What is hypoglossia Hypodactylia syndrome?

Hanhart syndrome is a rare condition characterized by a short, incompletely developed tongue (hypoglossia); absent or partially missing fingers and/or toes (hypodactylia); malformed arms and/or legs (peromelia); and an extremely small jaw (micrognathia).

How rare is Hallermann Streiff syndrome?

Hallermann-Streiff syndrome is a very rare condition and approximately 200 cases have been reported in the literature worldwide.

What is hypoglossia?

Hypoglossia is a short, incompletely developed tongue. It can occur either as an isolated malformation or in association with other deformities, particularly limb defects in a syndrome known as oromandibular limb hypogenesis syndrome.

What is Charlie disease?

Charlie M syndrome is a rare bone developmental disorder which belongs to a group of oromandibular limb hypogenesis syndromes that includes hypoglossia-hypodactyly and glossopalatine ankylosis (see these terms).

What is Beckwith Wiedemann syndrome?

Beckwith-Wiedemann syndrome (BWS) is the most common overgrowth and cancer predisposition disorder. BWS is caused by changes on chromosome 11p15. 5 and is characterized by a wide spectrum of symptoms and physical findings that vary in range and severity from person to person.

What is the rarest disease in the world?

RPI deficiency According to the Journal of Molecular Medicine, Ribose-5 phosphate isomerase deficiency, or RPI Deficinecy, is the rarest disease in the world with MRI and DNA analysis providing only one case in history.

What is Beckwith-Wiedemann syndrome?

Is Beckwith-Wiedemann syndrome a disability?

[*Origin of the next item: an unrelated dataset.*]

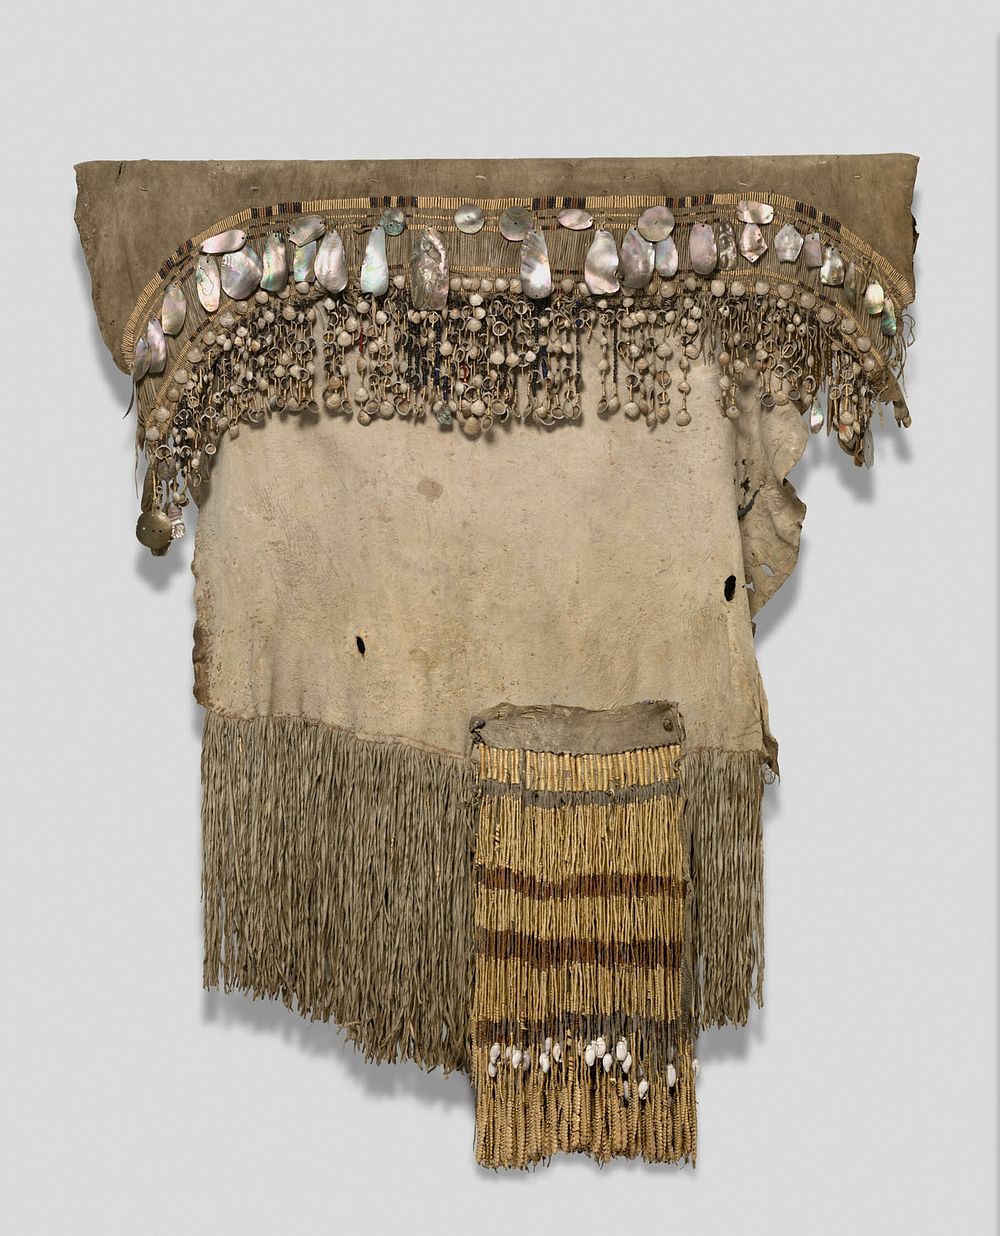 Dance Skirt (photographed with Apron) by Yurok

If you or your dependent(s) are diagnosed with Beckwith-Wiedemann Syndrome Due To 11P15 Microdeletion and experience any of these symptoms, you may be eligible for disability benefits from the U.S. Social Security Administration.

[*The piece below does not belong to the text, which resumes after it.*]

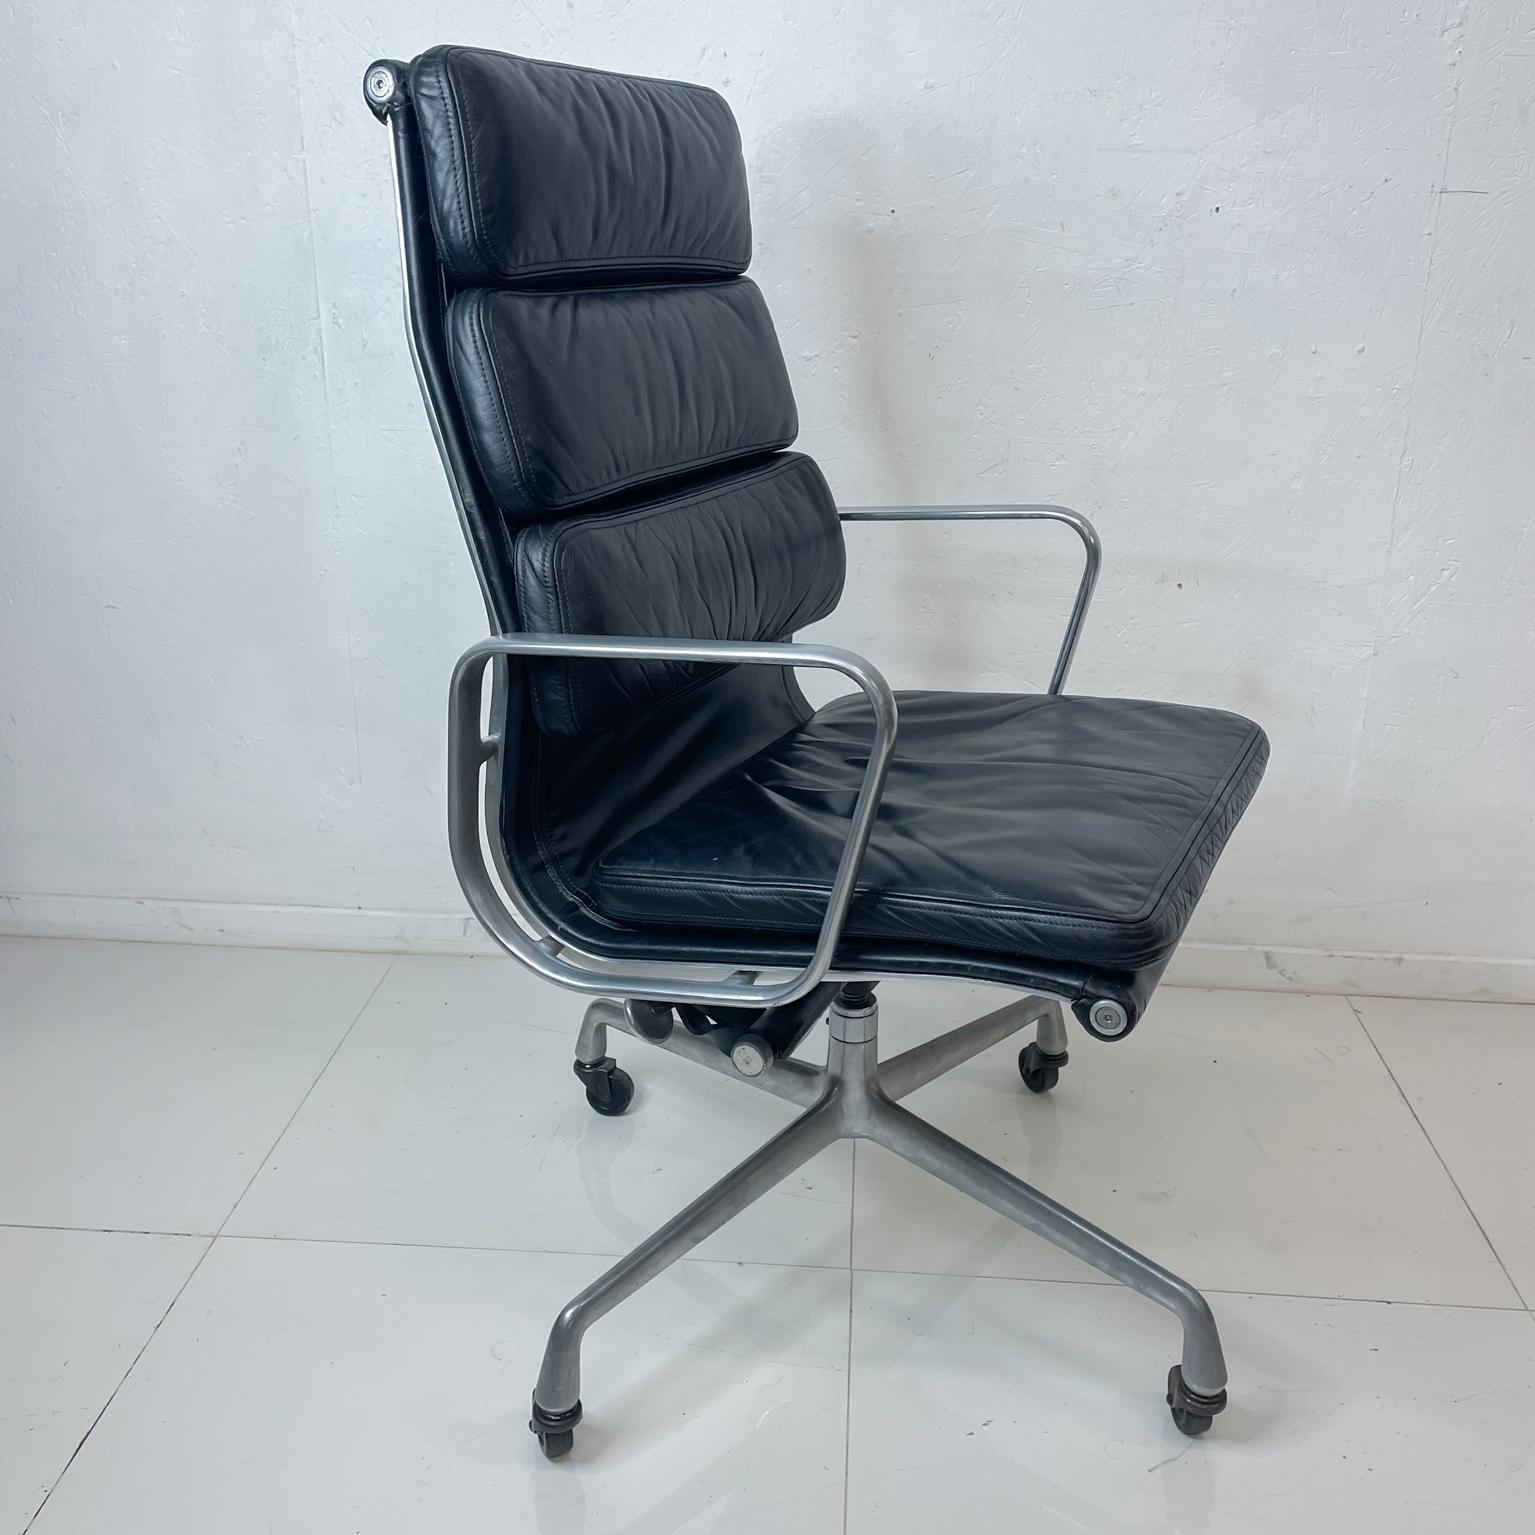 American 1978 Original Herman Miller Eames Soft Pad Executive Chair Black Leather

Is Beckwith-Wiedemann syndrome serious?

Most children and adults with Beckwith-Wiedemann syndrome do not have serious medical problems associated with the condition. Their life expectancy is usually normal.

Is Pierre Robin syndrome a disability?

Intellectual disability-brachydactyly-Pierre Robin syndrome is a rare developmental defect during embryogenesis syndrome characterized by mild to moderate intellectual disability and phsychomotor delay, Robin sequence (incl.